Oh no a server CPU usage has increased and memory is low because - it’s doing what it’s meant to? What junk.
The key criteria for me and paging are:
1. Was the page actionable? Did I need to do something to restore the system to functioning or prevent it from going down.
2. Can I prevent this page in the future and most importantly am I empowered by leadership to do that? If your app is paging me because it’s poorly made and I am not authorized to change it that’s a leadership problem that’s extremely common.
3. Are we auditing the pages? Often alerts in technology are designed in response to a particular problem and then never removed. Paging is, to me, a very serious action for a system to take. It means it is impossible for the system to naturally recover and all automation has failed. So every time we page someone we should as a team review those pages to ensure they’re actionable and actually impossible to naturally recover from.
These criteria have served me well for years and caused me to turn off the vast majority of the alerts of my services.
But you seem to have a culture that accepts this as normal and tbh these rarely change. Just know that it isn’t normal and it’s not acceptable.

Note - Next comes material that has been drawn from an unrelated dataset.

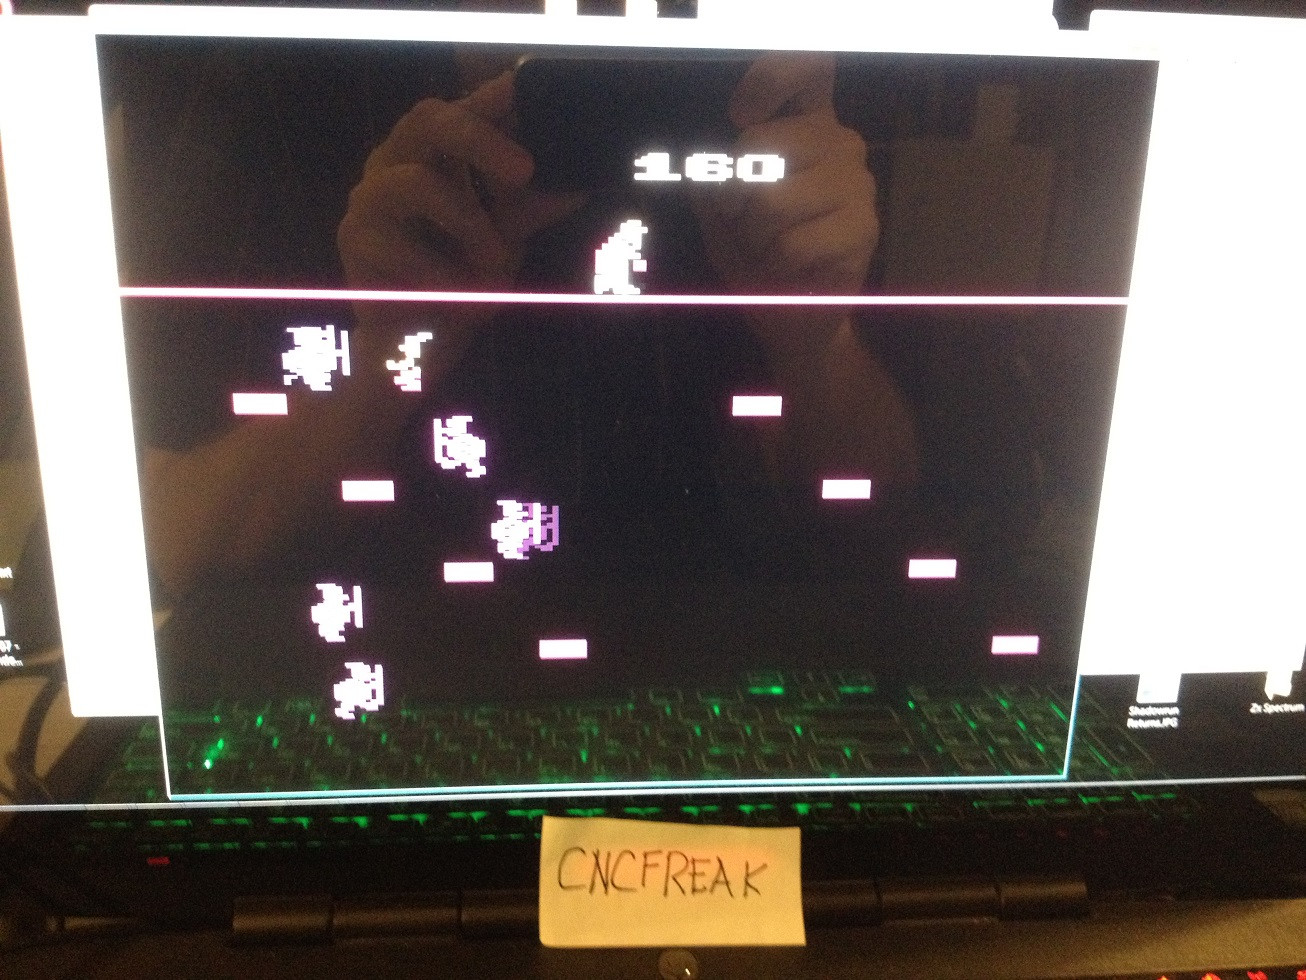 cncfreak: Obelix (Atari 2600 Emulated Novice/B Mode) 160 points on 2013-10-15 21:48:15

My employer makes use of Pagerduty and I’ve spent a lot of time setting up “auto-resolve” of alerts. I even hook into AWS autoscaling lifecycle events and send mock “OK” actions when something gets terminated that had thrown an alarm. I still get paged but most issues solve themselves if I wait one more monitoring interval.
I’ve also used being on call as excuse to leave early - to ensure I’m home and able to respond to calls when everyone else leaves the office, not much I can do if I’m stuck in traffic, or in a tunnel, etc.
The question you should be asking is: why am I being paged so often?
Are they legitimate things that you need to respond to? If so, you should be fixing these issues so that they don't happen again. If anyone gets a page, we make it a high priority to fix whatever caused it. We are a team of 7, and we dedicate one person a week to field questions relating to our platform as well as to fix up these issues that wake us up.
If they're not legitimate things that you need to be woken up for, why are you being woken up? If this is the case, you need to make sure everyone is on the same page regarding what constitutes something you need to be paged for after hours.
So basically, I don't work at companies that make their employees carry a pager etc. Life is too short for that shit.
I worked briefly at a startup shortly after it's acquisition by a FAANG. The startup's code was trash - I acknowledged while on call that I didn't exactly know what was going on after digging a while - asked for help - was then reprimanded for "not knowing the code well enough" basically because I asked for help. I left about a month after that. Again, life is too short for that shit.
Normal shift is like every other day. Just go to work, do my job. Come home, eat, chill a bit and go to sleep.
It used to be more. The company started with three people three years ago (myself included). Now we're over 50. We have enough resources to fix and solve problems before they become real problems.